### EXERCISE DIRECTIONS
An unchanged copy of all the lines below is expected, and it should contain no pictures.

### SOURCE MATERIAL
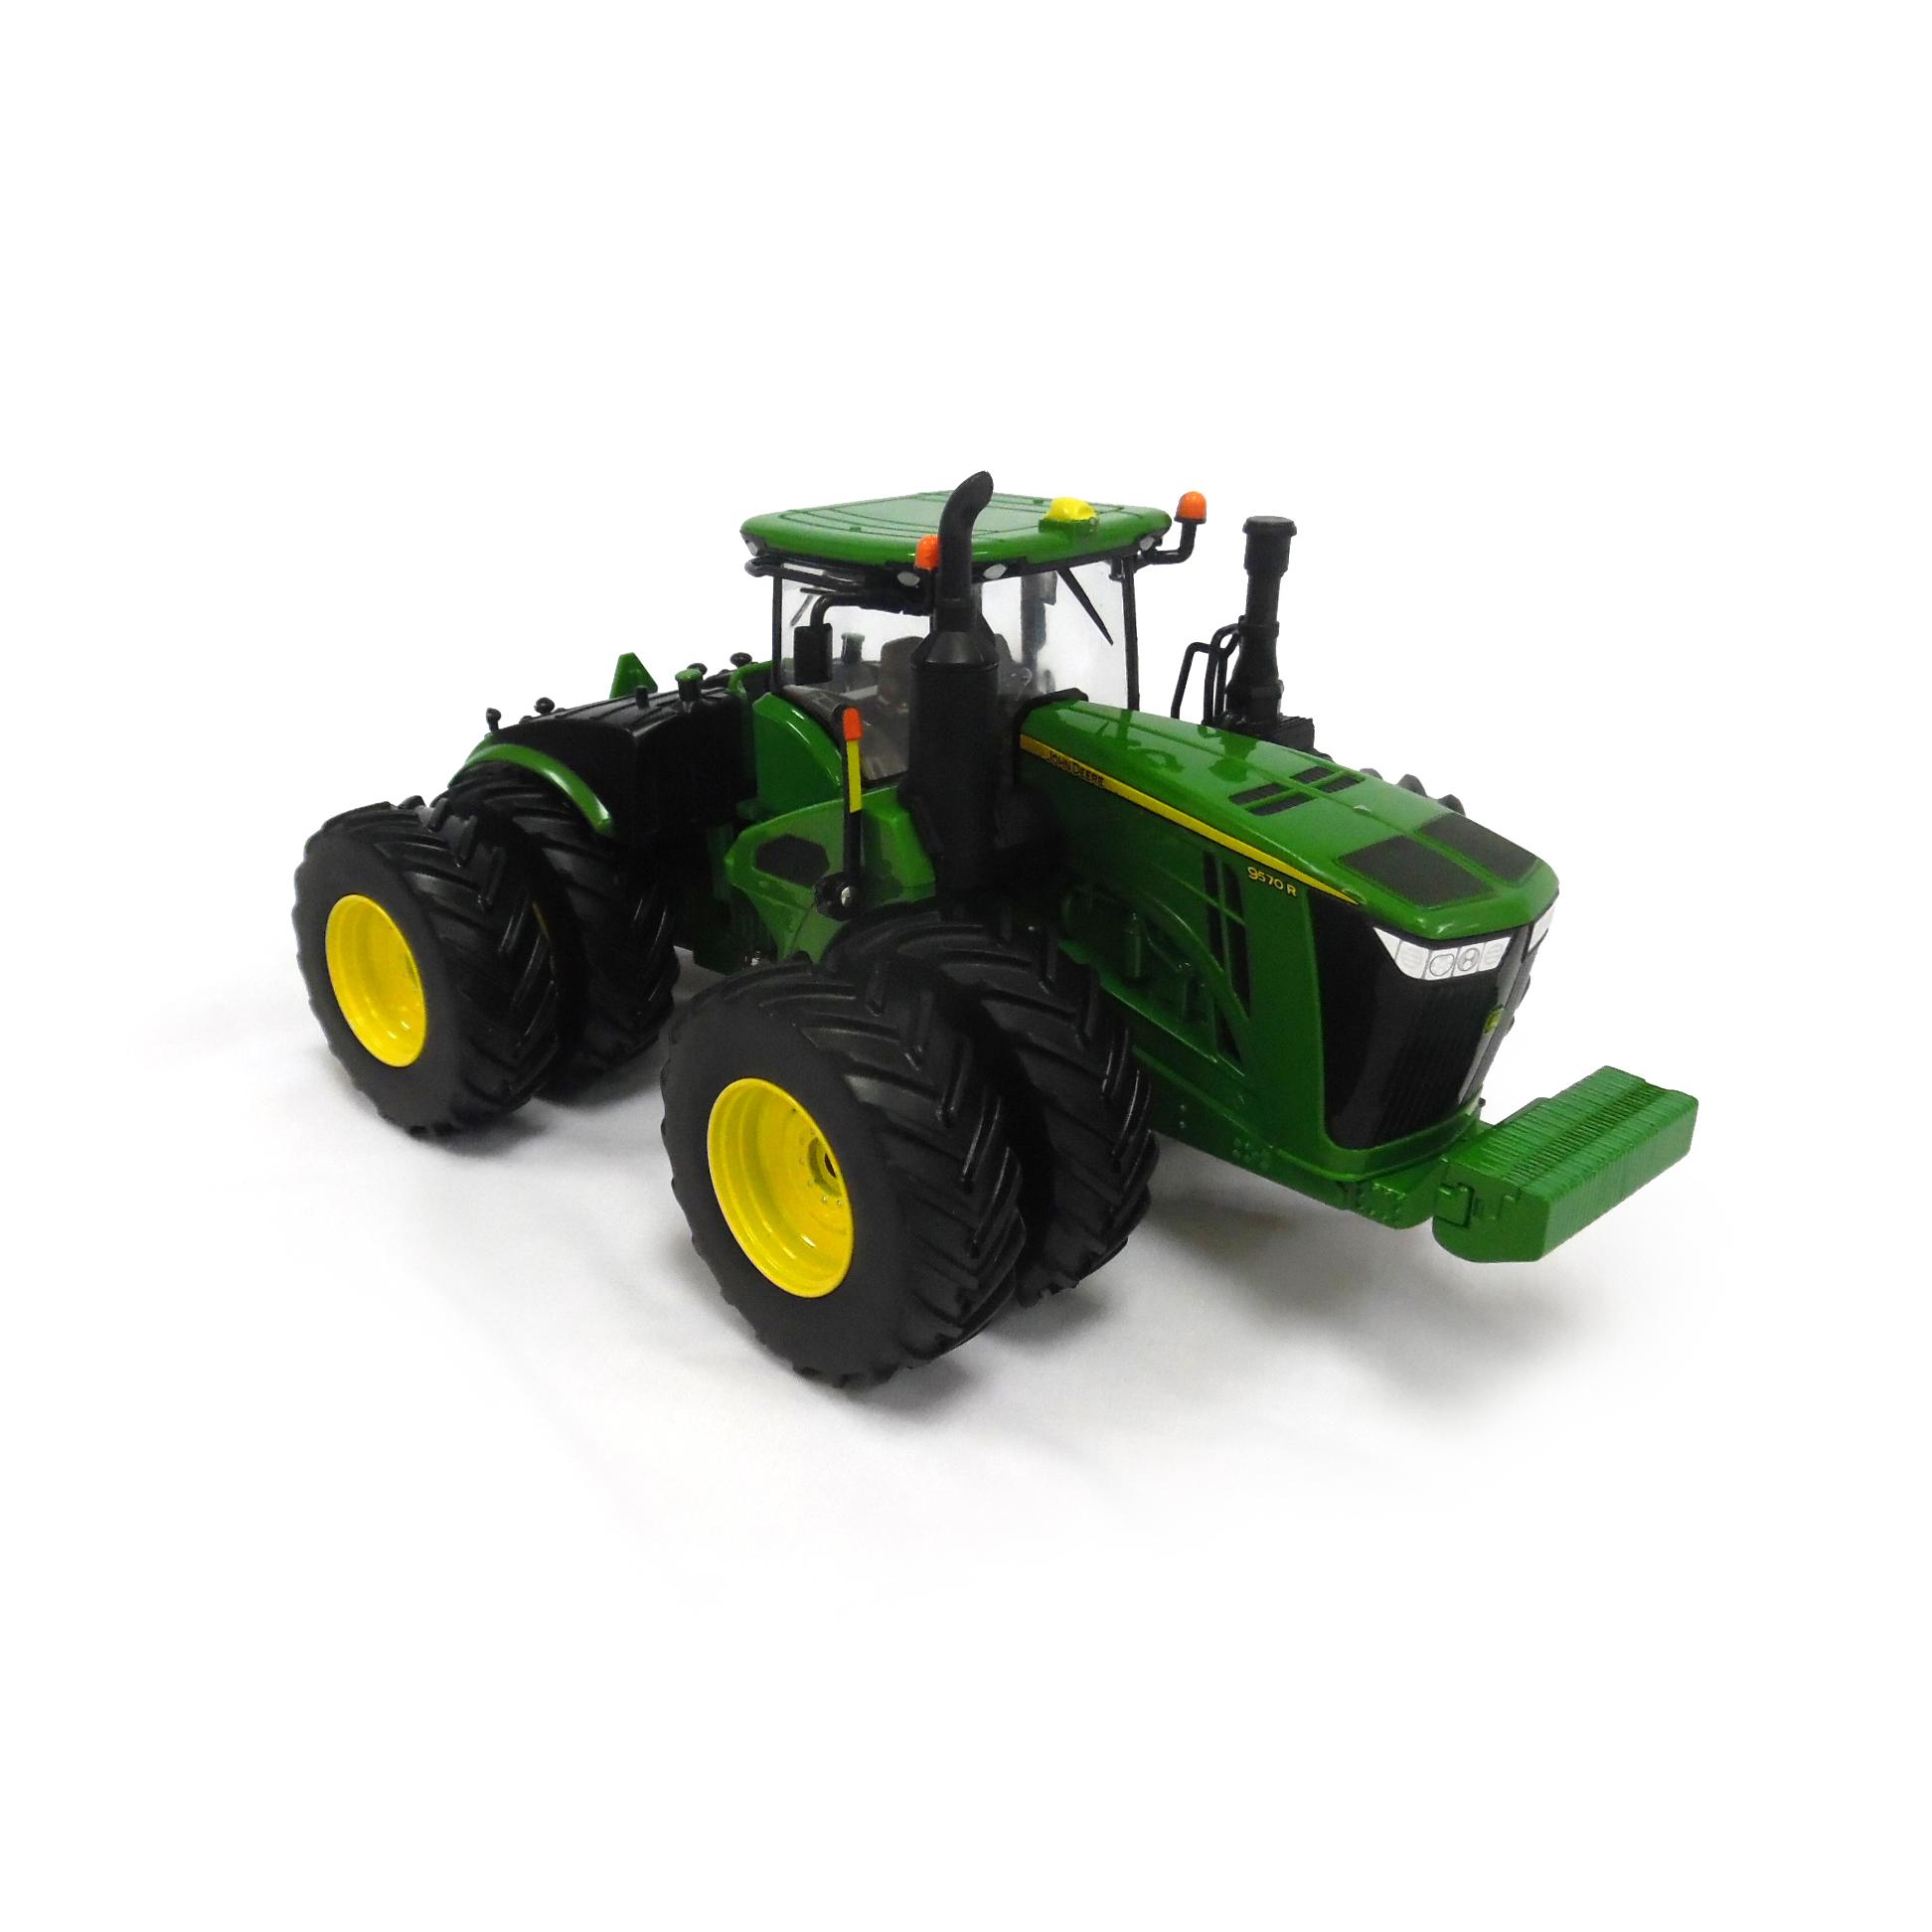 1:16 John Deere 9570R Prestige Tractor by Tomy Inc
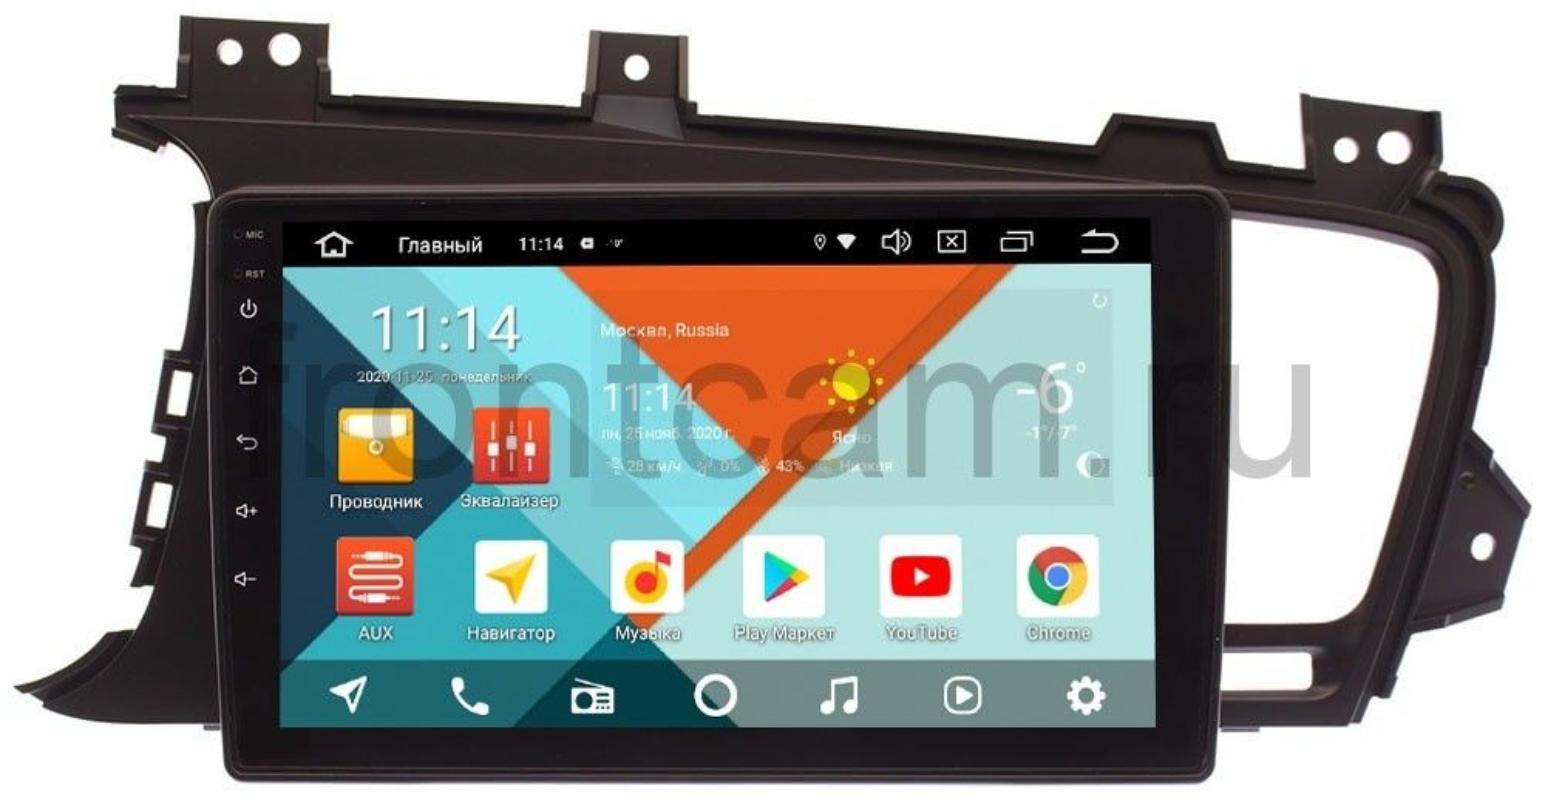 Штатная магнитола Wide Media KS9016QM-2/32 DSP CarPlay 4G-SIM для Kia Optima III 2010-2013 на Android 10 для авто с камерой (+ Камера заднего вида в подарок!)
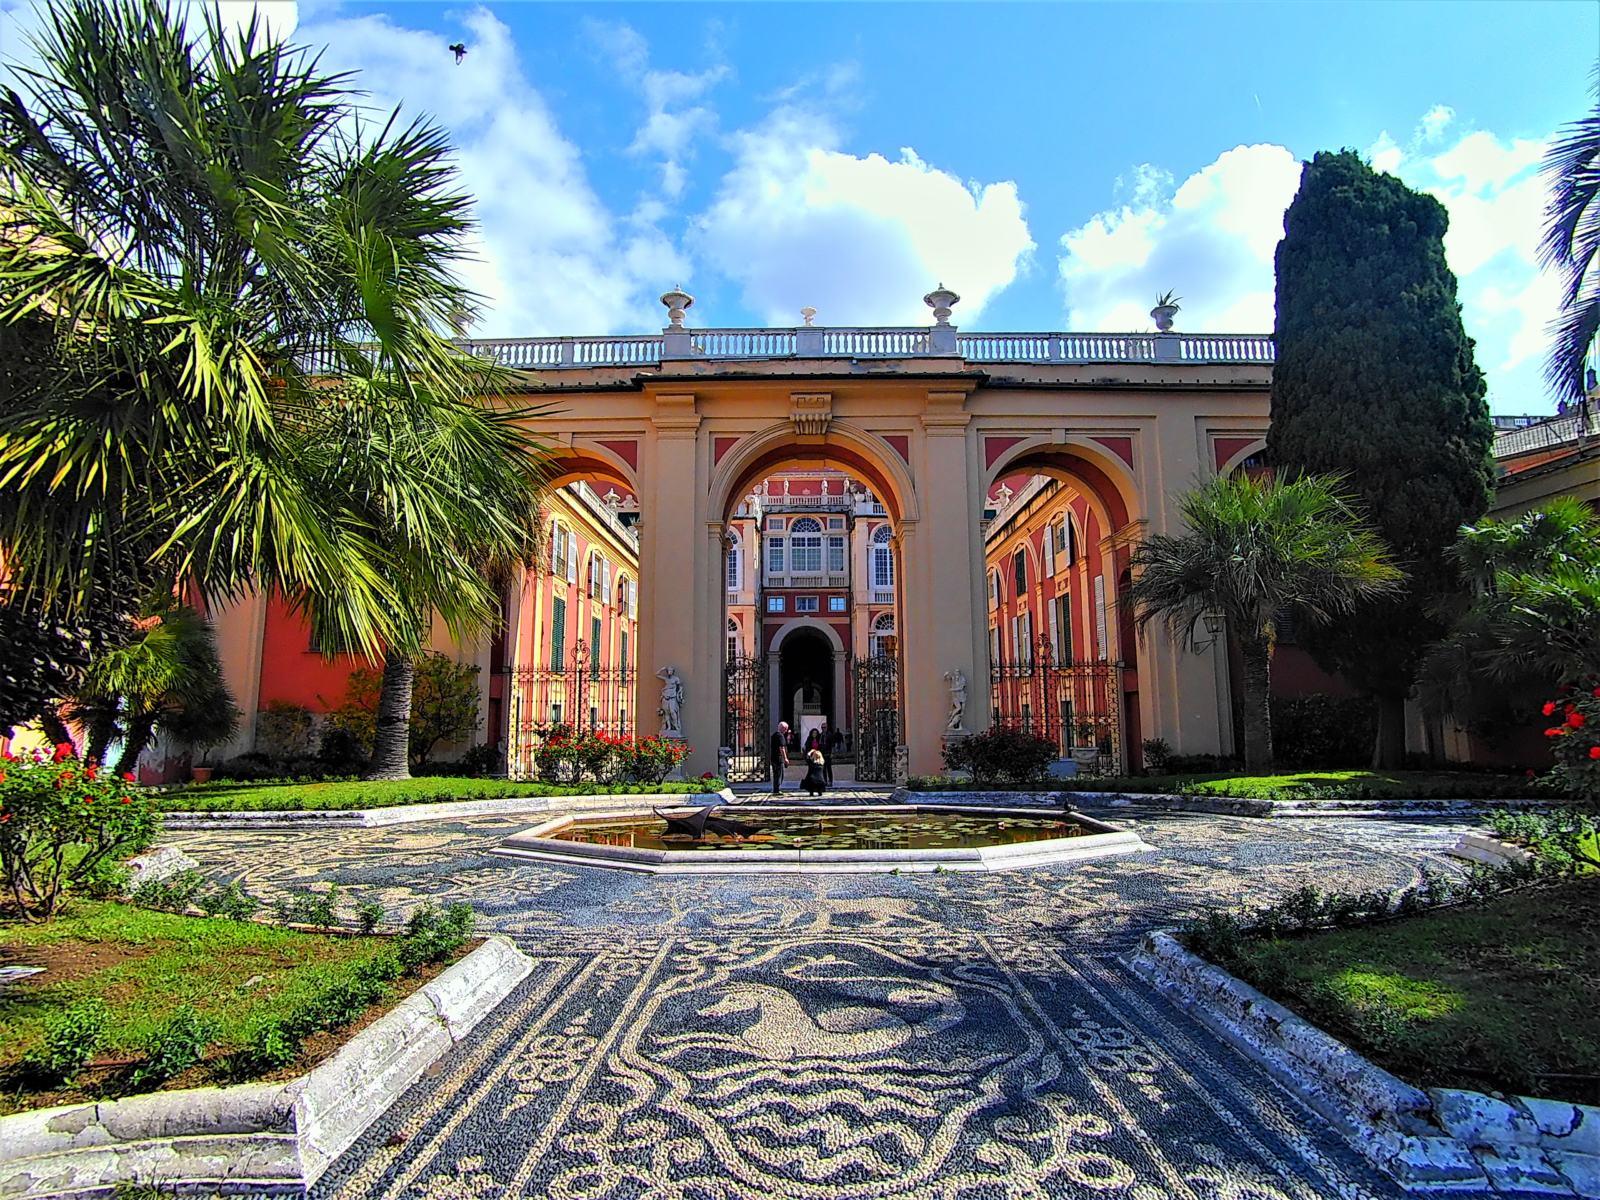 Giardino pensile di Palazzo Reale

### OUTPUT FOR THIS EXERCISE
 1:16 John Deere 9570R Prestige Tractor by Tomy Inc
 Штатная магнитола Wide Media KS9016QM-2/32 DSP CarPlay 4G-SIM для Kia Optima III 2010-2013 на Android 10 для авто с камерой (+ Камера заднего вида в подарок!)
 Giardino pensile di Palazzo Reale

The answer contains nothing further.